Member of the Washington House of Representatives from the 10th, Position 1 district
- In office January 3, 2005 – December 8, 2007
- Preceded by: Barry Sehlin
- Succeeded by: Norma Smith

Personal details
- Party: Republican
- Spouse: Mary Strow
- Occupation: Politician
- Other name: Christopher Strow

= Chris Strow =

American politician from Washington

Chris Strow is an American politician from Washington. Strow is a former Republican member of Washington House of Representatives for District 10 from 2005 to 2007.

== Career ==
On November 2, 2004, Strow won the election and became a Republican member of Washington House of Representatives for District 10, Position 1. Strow defeated Nancy I. Conard and Tom Bronkema with 50.07% of the votes. Strow hired Gina Bull, a Democrat, as his legislative aide. On November 7, 2006, as an incumbent, Strow won the election unopposed, and continued serving Washington House of Representatives District 10, Position 1.
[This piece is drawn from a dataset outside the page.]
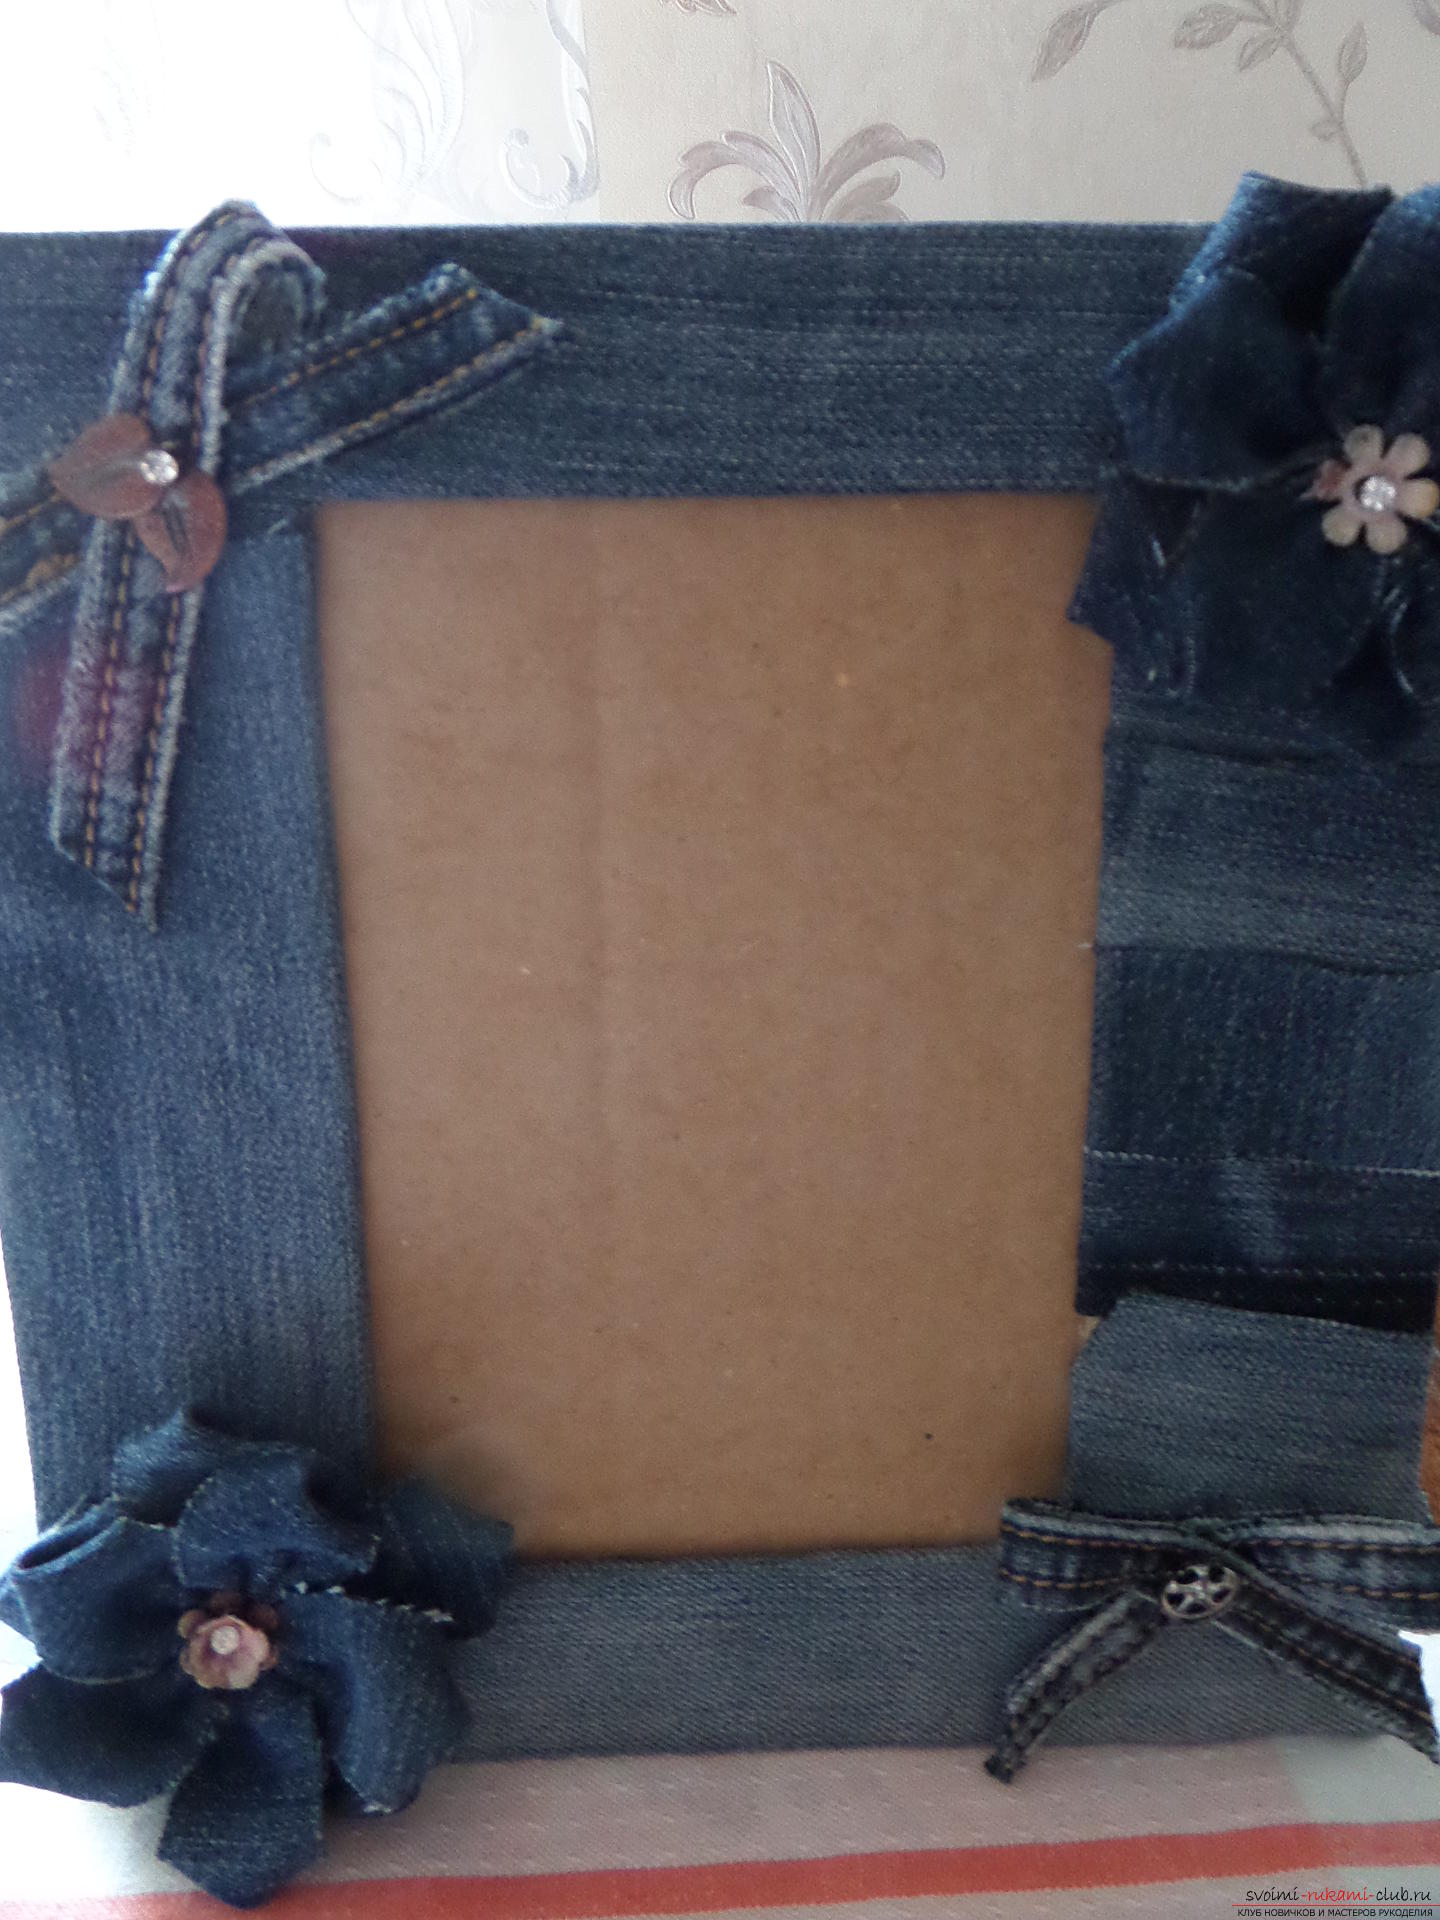 Этот подробный мастер-класс поделки из ткани своими руками научит как сделать фоторамку из джинсы.. Фото №1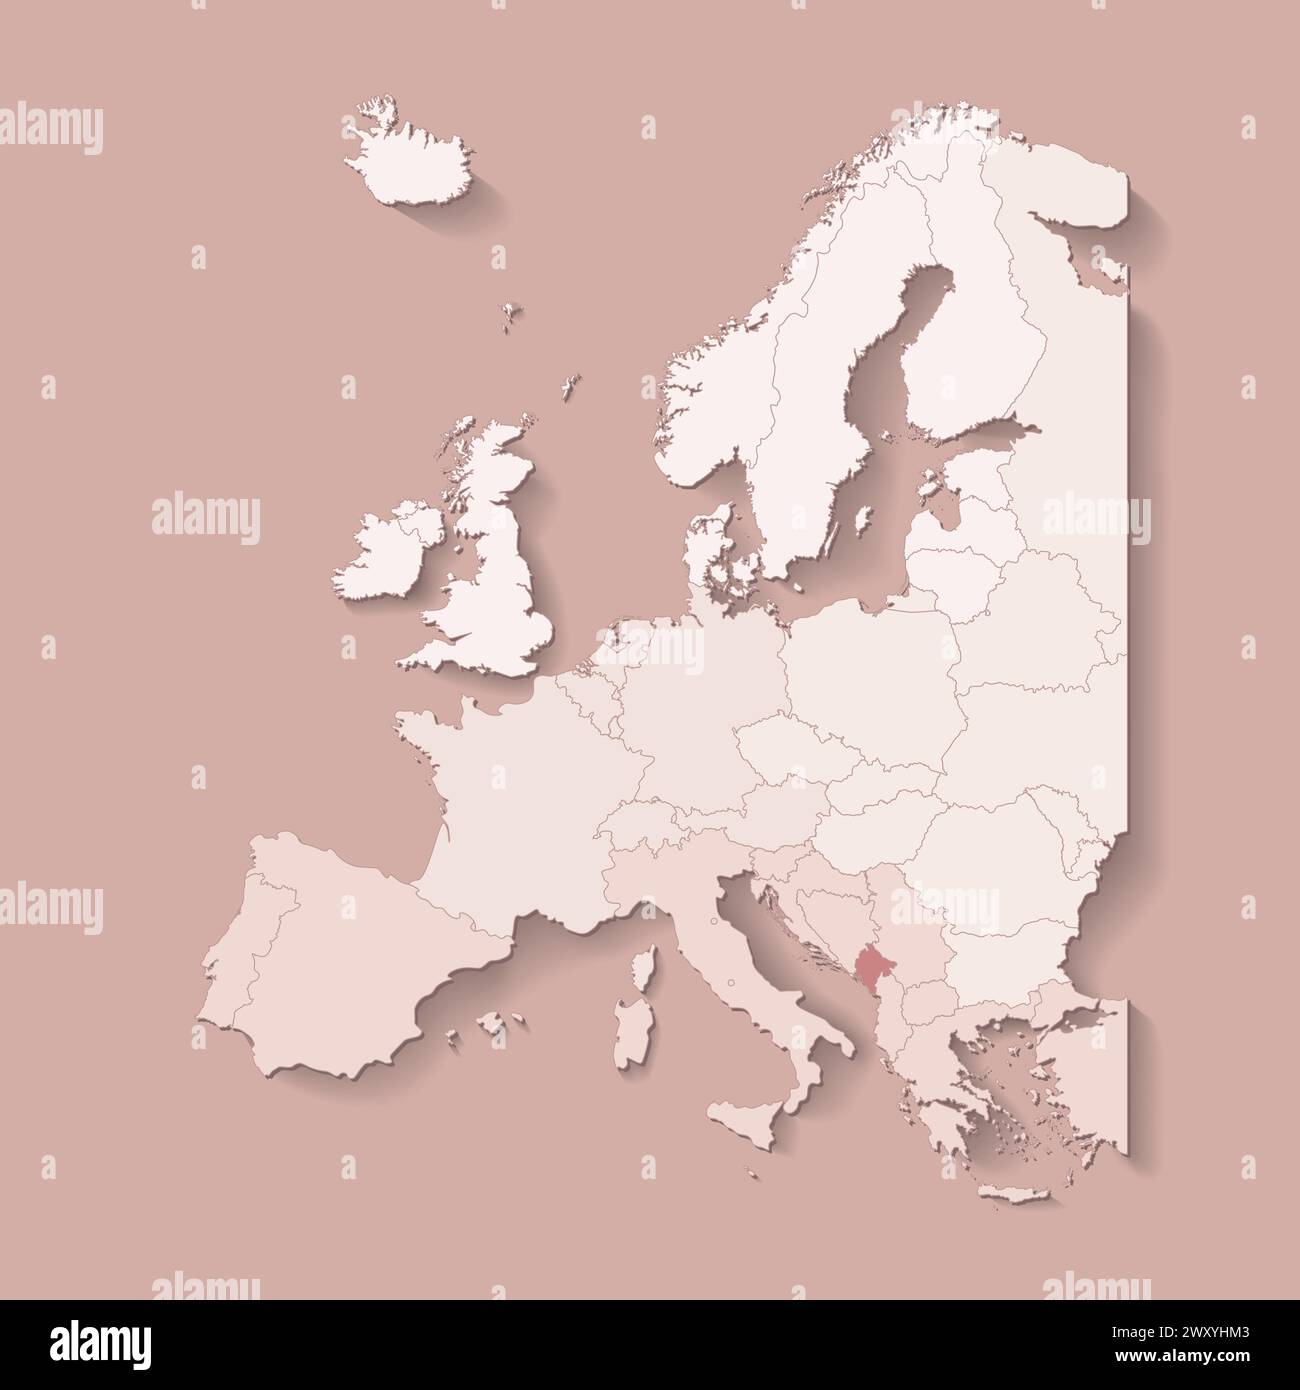 Illustrazione vettoriale con terra europea con confini di stati e paese contrassegnato Montenegro. Mappa politica di colore marrone con occidentale, meridionale e così via Illustrazione Vettoriale

In December 2007, Strow resigned as a member of Washington House of Representatives District 10, Position 1. Strow became a principal economic policy analyst for Puget Sound Regional Council. In January 2008, Strow's District 10, Position 1 seat was succeeded by Norma Smith.

== Personal life ==
Strow's wife is Mary Strow. They have one child. Strow and his family lived in Freeland, Washington. In 2008, Strow and his family live in Seattle, Washington.